Fraction of cases published

The PUF contained a subset of the cases present in the original dataset, as the anonymization process was configured to withhold cases from release for which the defined privacy guarantees would not hold. Figure 1 provides an overview of the number of cases included in the PUF for increasing sizes of the dataset and for the three sub-cohorts within NAPKON. The size of the original dataset has increased with the time the registry was running.

Fig. 1
figure 1

Fraction of cases published for the complete NAPKON dataset (a) and (b) the High-Resolution Platform (HAP), the Population-based Platform (POP), and the Cross-Sectoral Platform (SUEP).

The fraction of cases from the NAPKON cohort that can be included in the PUF increased to over 85% as soon as at least 2,250 cases were documented (which happened on 2021-05-18). The curve flattened out at 1,600 documented cases. The highest fraction of cases included in the PUF (87%) was reached when 4,350 cases were documented. The absolute number of cases in the PUF was reduced due to anonymization from 1,697 to 1,410 (83%) for the SUEP, from 2,346 to 2,280 (97%) for the POP, and from 519 to 237 (45%) for the HAP.

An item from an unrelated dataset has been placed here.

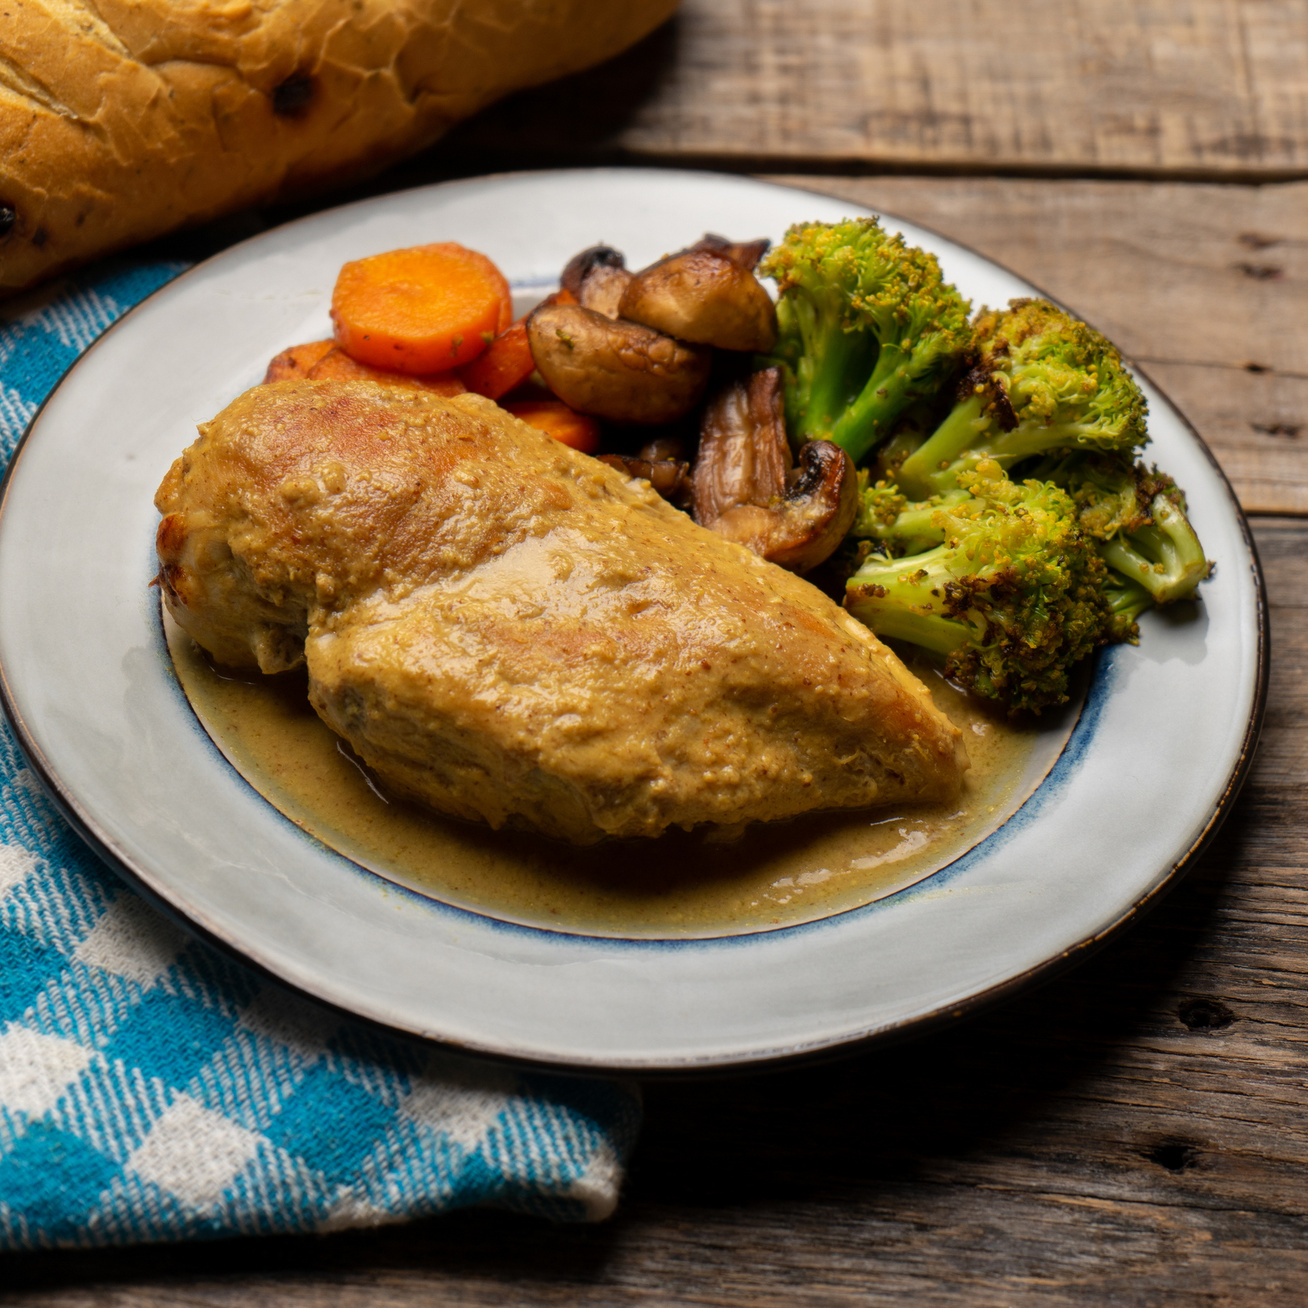 mustaros csirkemell

Descriptive statistics before and after anonymization

Table 1 shows the cohort descriptions from the original dataset from 2022-03-15 (n = 4,562) and the PUF (n = 3,904) for each of the three NAPKON cohorts. The age distribution (Fig. 2(a)) before and after anonymization differed significantly (P < 0.001). It is notable that in particular the age groups under 18 and over 79 years were represented with only a few cases in the original dataset, which is why no minors were included in the PUF and the age group over 79 years was reduced by 73% in size (150/205) through the anonymization process. In contrast, the sizes of the other age groups differed only slightly between the two datasets. The largest impact can be observed for the HAP cohort (Fig. 3). Only 56% (129/230) of its cases in the age group 40–59 and 58% (108/187) of its cases in the age group 60–79, were included in the PUF. The POP shows the smallest case reduction regarding the variable age, however with a significantly different age distribution (P = 0.011). The age category over 79 years stands out with a case reduction of 66% (12/35).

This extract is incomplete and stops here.